The peak of my erotica writing journey happened to intersect with a time when I was strongly questioning my sexuality. Tumblr had already sparked the knowledge within me of the possibility that I wasn’t straight. I believe that whenever you write fiction, you always leave pieces of yourself hidden in your work, even if that work happens to be a 50,000-word story on a lesbian shape-shifter falling in love with a human woman. For someone who was coming to terms with her attraction to women while still dating a man, erotica became a cathartic canvas for being able to express my desires in a healthy way. Until then, I’d considered ‘heterosexual’ to be the default setting and somewhere along the line I had to unlearn what I knew, in order to be true to myself and to the work I was doing.
As a media student at the time, I was also able to look at my work objectively and see how sexual stereotypes quickly crept into it despite my firm feminist stance. I noticed how women, in both fictional or real sexual scenarios, often fell back to being more performative and less interactive during sex for the pleasure of their male partners, and their climax was never emphasised as much as the man’s. In such a case, you can only blame “the media” and its influence for their skewed portrayals before you realise that you’re part of the problem too. I did bring it up with Veera but I also had to pick my battles. All the protagonists I was asked to write about were able-bodied, the men always muscular and the women always dainty yet voluptuous. It was, as a former Victoria’s Secret executive framed it, “less about reality and more about selling the fantasy”.
Over time, my relationship with Veera also evolved. She began to trust me more, she’d ask me to write plotlines, so I could let my imagination run wild. She indicated that there was an interest in supernatural themes, so I concocted a vampire story and a gay werewolf story too. Imagining how a dragon shape-shifter would have sex? I couldn’t believe I was getting paid to write this! I never did end up reading any of the stories after they were published, because Veera insisted on keeping the ghostwriters and the credited writers apart. I also began editing others’ stories and eventually helped Veera hire more people after going through hundreds of badly written sex stories (there was a mention of biting a clit, that’s all I’m going to say).

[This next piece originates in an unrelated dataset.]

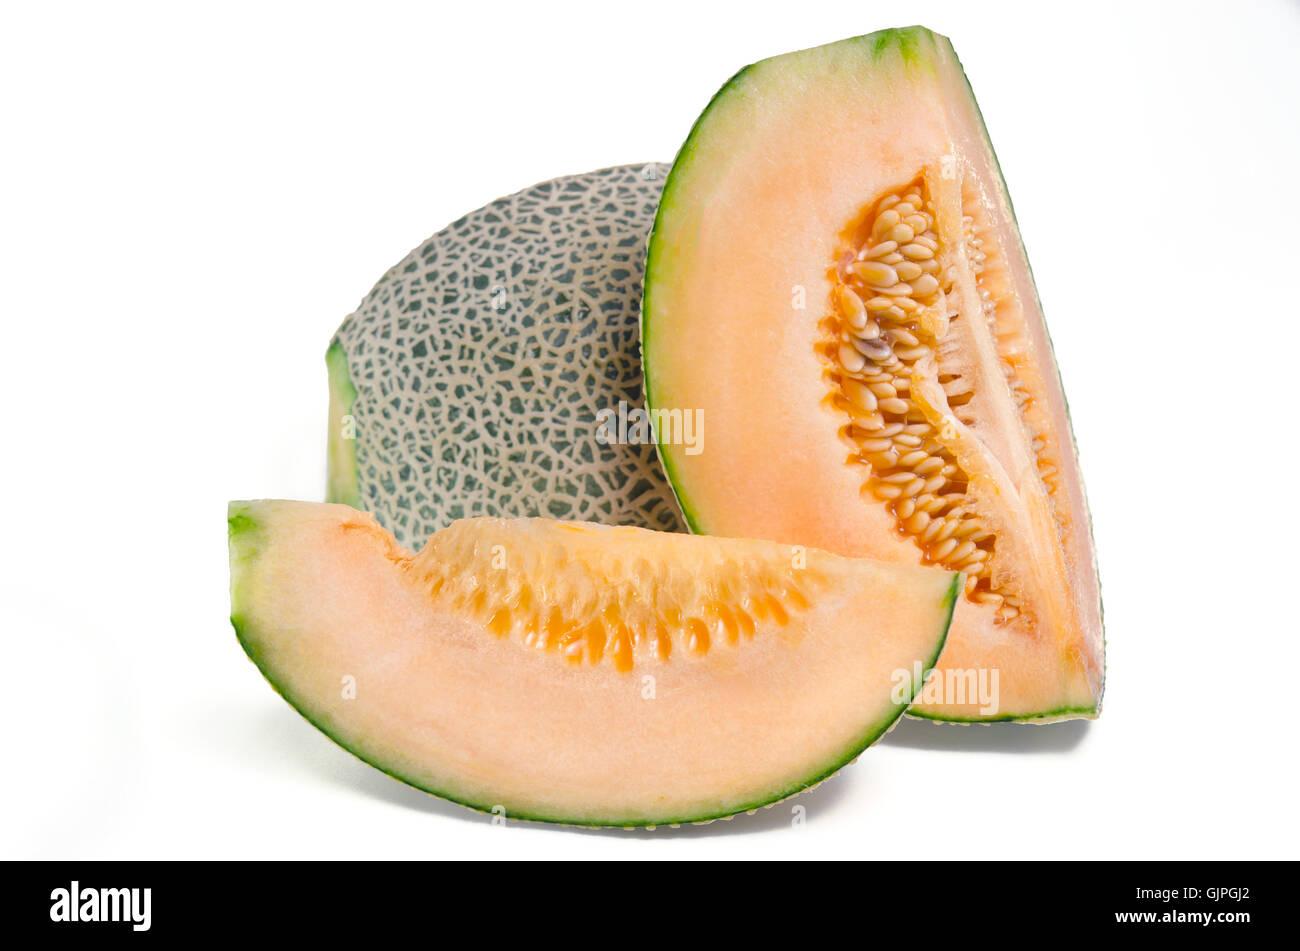 Cucumis melo o melón con la mitad y semillas en blanco (Otros nombres son cantelope, cantaloup, honeydew, Crenshaw, Imagen De Stock

A friend who also worked with Veera often expressed her concern: “She looks so old and frail, what if she just dies one day and doesn’t pay us?” For the most part though, Veera was consistent with her payments and feedback, and never forgot to wish me during different festivals. After college ended, I moved back home to find a job, this work kept me afloat — all under the garb of “content writing”. Eventually, I moved to a full-time position, which I couldn’t balance the erotica writing anymore. I still remember Veera asking me to quickly proofread a piece in 2018, which happened to be her last message to me. I promptly responded, but she hasn’t replied since. (Veera, if you’re reading this, you still owe me Rs 500 for that!) That radio silence marked the end of the line for me as an erotica writer.